И висит на стене отрывной календарь
сорок пятого года двадцатого века.

 

И витает в пространстве мираж тишины:
сон ещё не истаял из крошечных комнат…

Дом сгорел, и отец не вернулся с войны,
мы пока обитаем у наших знакомых.

 

Тётя Лиза знакома и Ромка знаком -
с ним ещё до войны вместе в садик ходили.

В понедельник жилище нам даст исполком,
и продолжится жизнь безо всяких идиллий.

 

А пока – островок теплоты и добра:
приютили бесплатно и кормят, как могут.

Помогли без единого слова вчера.

Если надобно будет, и завтра помогут.

 

Может, этому кто-то не знает цены -
мы-то знаем: не раз и не два проходили.

Тётя Лиза смеётся: - За стол, пацаны! -
и обоим даёт по картошке в мундире.

 

Ах, как хочется спать – не поднять головы!
Только лёг – и летишь, словно в жерло колодца!..

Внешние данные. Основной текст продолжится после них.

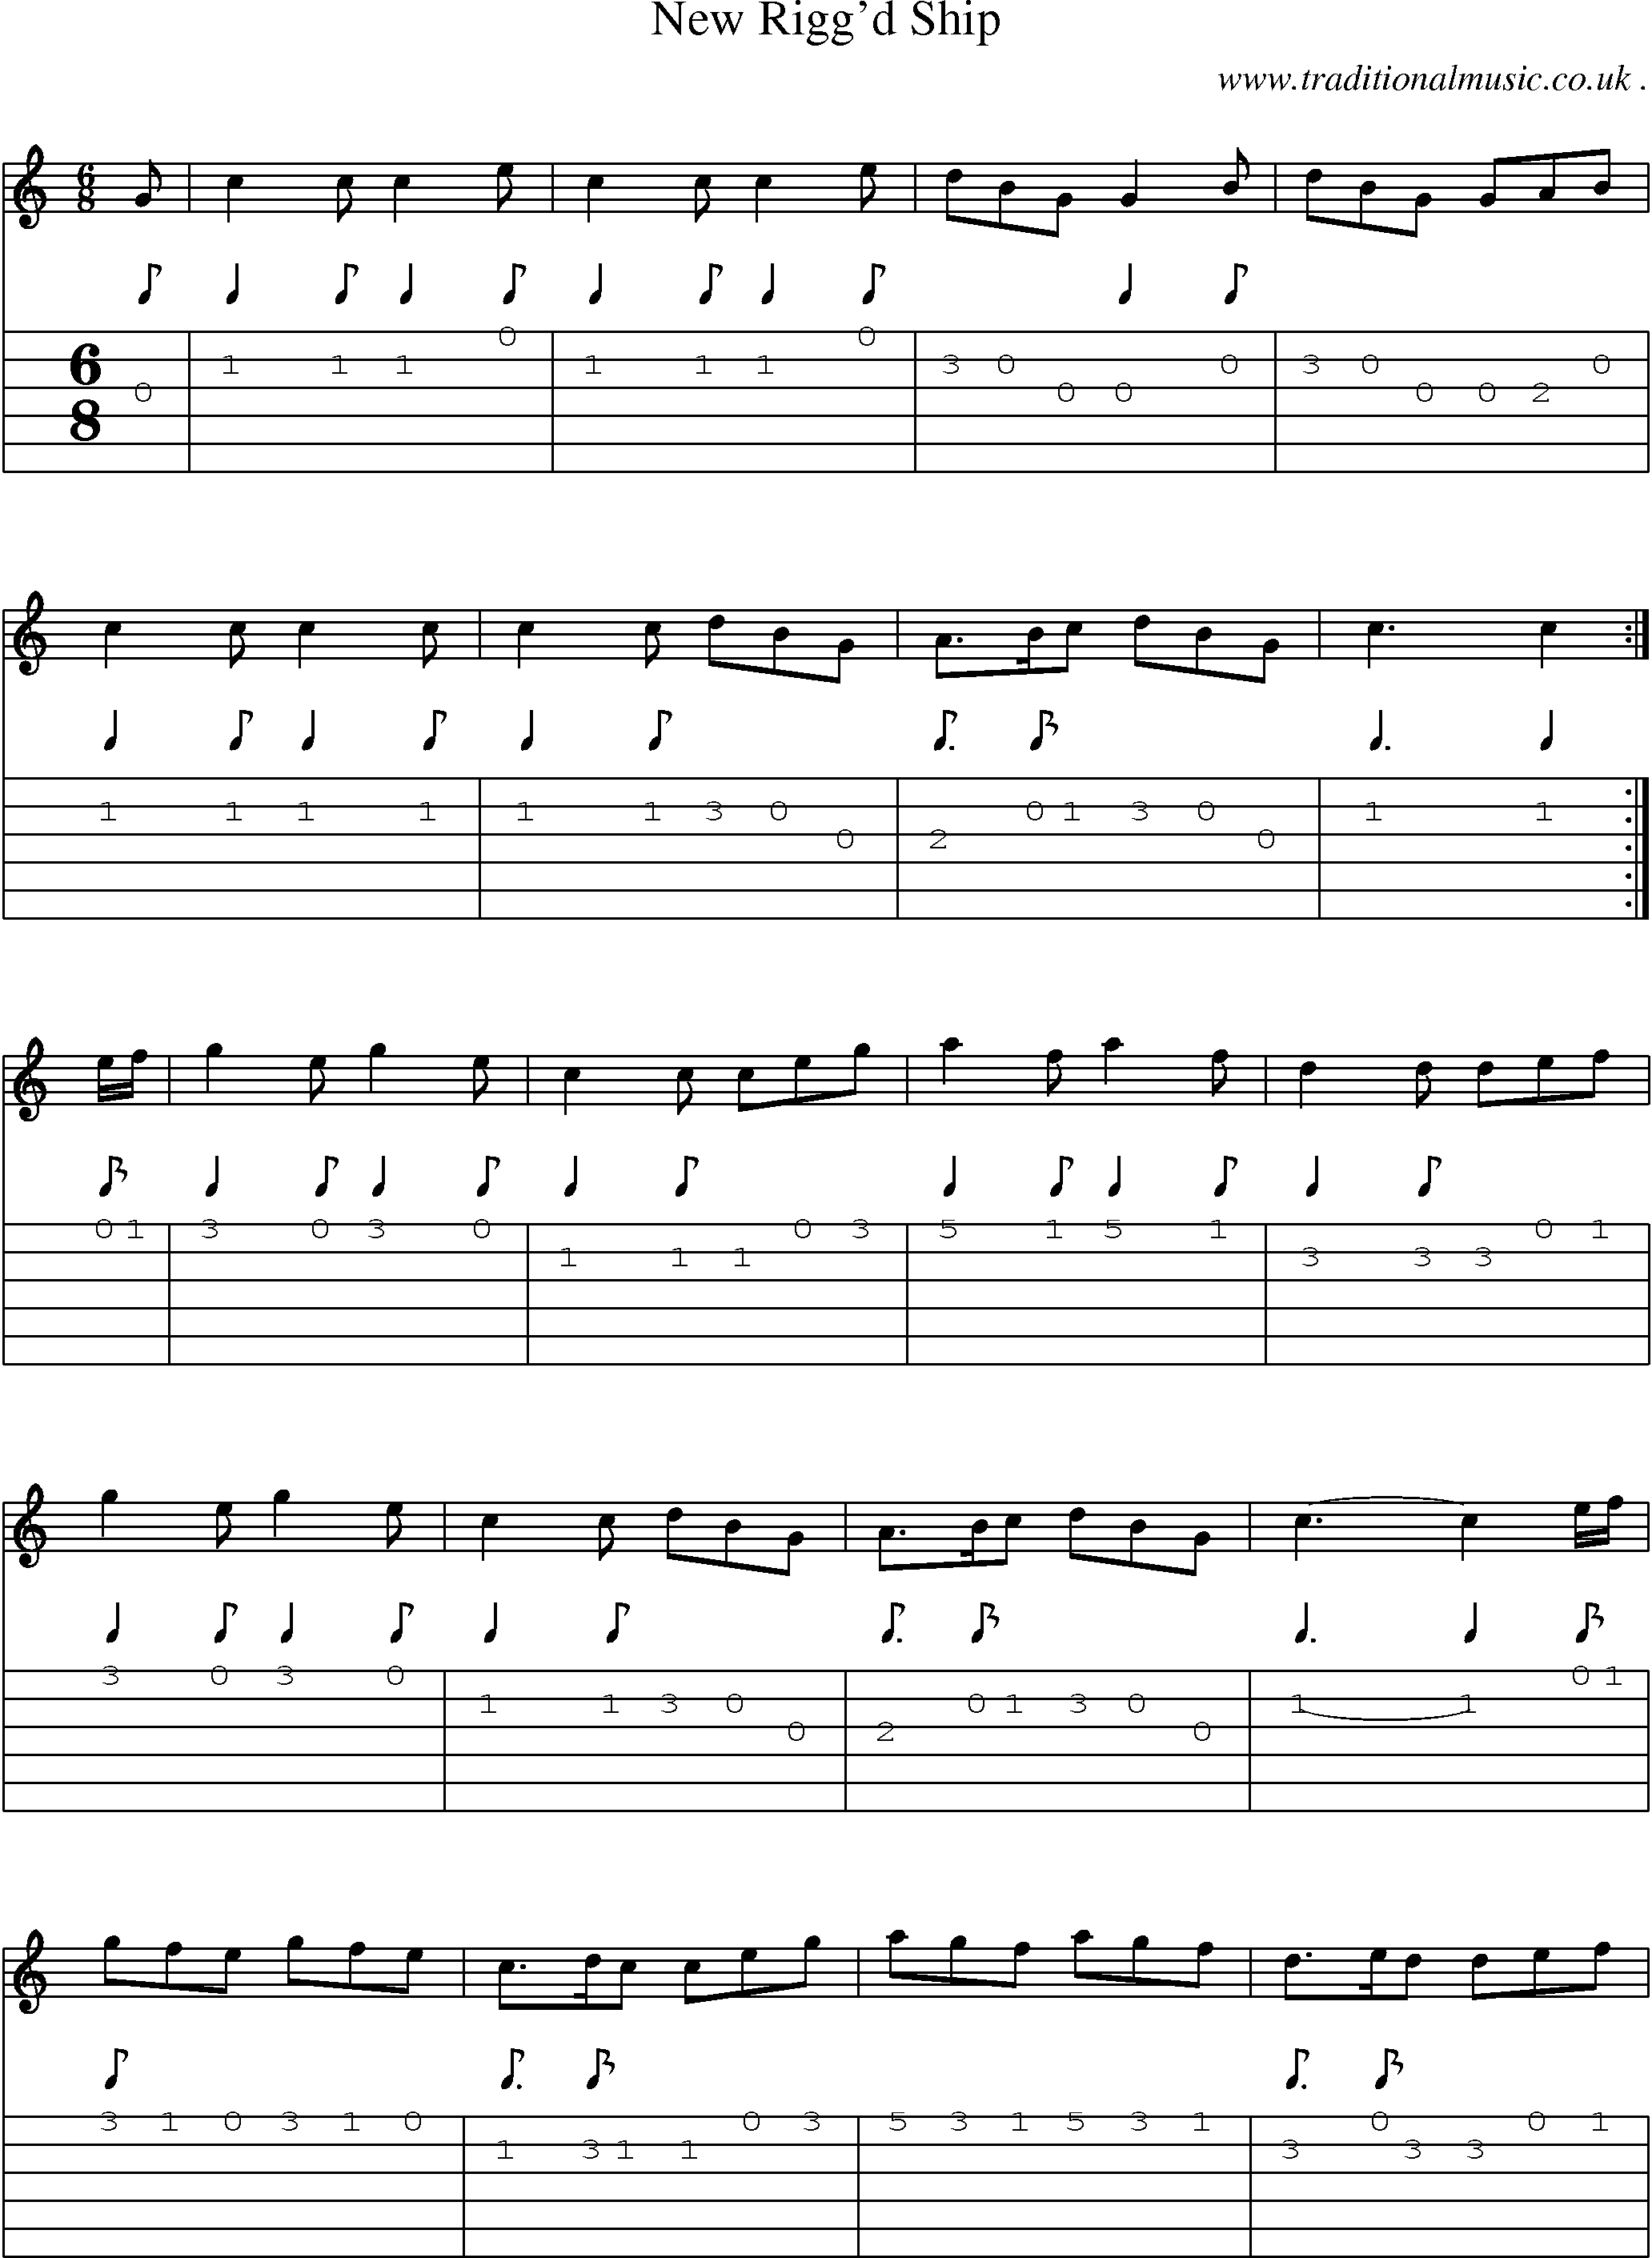 Sheet-Music and Guitar Tabs for New Riggd Ship

И сидят в полутьме две нестарых вдовы,
им сегодня картошки поесть не придётся.

 

2.

 

Зелёный глаз трофейной радиолы,
названья европейских городов,
в окне зима – темно, и после школы
я это слушать без конца готов.

 

Какой-нибудь оркестришко случайный,
где первый номер – старый саксофон, –
а я в мотив негромкий и печальный
по самую макушку погружён.

 

Ещё не время Моцарта и Баха,
тем более не время Дебюсси,
ещё довольно горестного праха
разносится метелью по Руси.

 

Законы бытия просты и строги,
они твердят: учиться поспеши.

Но музыка! – и будущие строки
уже лежат на донышке души.

 

3.

 

С крутого жёлтого обрыва –

в пруд, изумрудный на рассвете.

Вокруг стрекучая крапива
и паучья́ густые сети.

А мы грызём сухие корки
и груши-ди́чки ржавой масти
и все ложимся на пригорке,
дрожа от холода и счастья.

 

И снова греем наши пятки
горячей пылью сельских улиц.

Пусть не у всех с едой в порядке,
пусть не у всех отцы вернулись.

Но ближней рощи светотени,
но лето, солнце и природа
врачуют раны и потери
девятилетнего народа.

 

Как быстро пролетают годы,
ещё быстрей – десятилетья!

И вдруг мы видим по-другому
войны давнишней лихолетье.

От боли никуда не деться,
и в трудных буднях нет просвета,

но остаётся наше детство,

как неразменная монета.

 

Июль 2007

 

 

*   *   *

 

Внутри переменившись и наружно,
теченье бытия упёрлось в гать:

срок подошёл, и более не нужно
ни поспевать, ни ждать, ни догонять.

 

И прошлое уже не перебелишь,
над каждой строчкой сдержанно сопя,
и если счёты предъявлять – себе лишь,
и ежели винить, то лишь себя.

 

И надобны отвага и смиренье,
давнишним притязаньям вопреки,
так всякий раз писать стихотворенье,
чтоб не стыдиться ни одной строки.

 

Июль 2007

 

 

ПЕРЕД ОТЪЕЗДОМ

 

Вещи можно продать, только надобна прыть;
если прыти немного, их можно дарить
или просто отдать, кому надо, –
даже в этом найдётся отрада.

 

Книги можно послать по почтовым путям,
знать бы только, читать их получится там?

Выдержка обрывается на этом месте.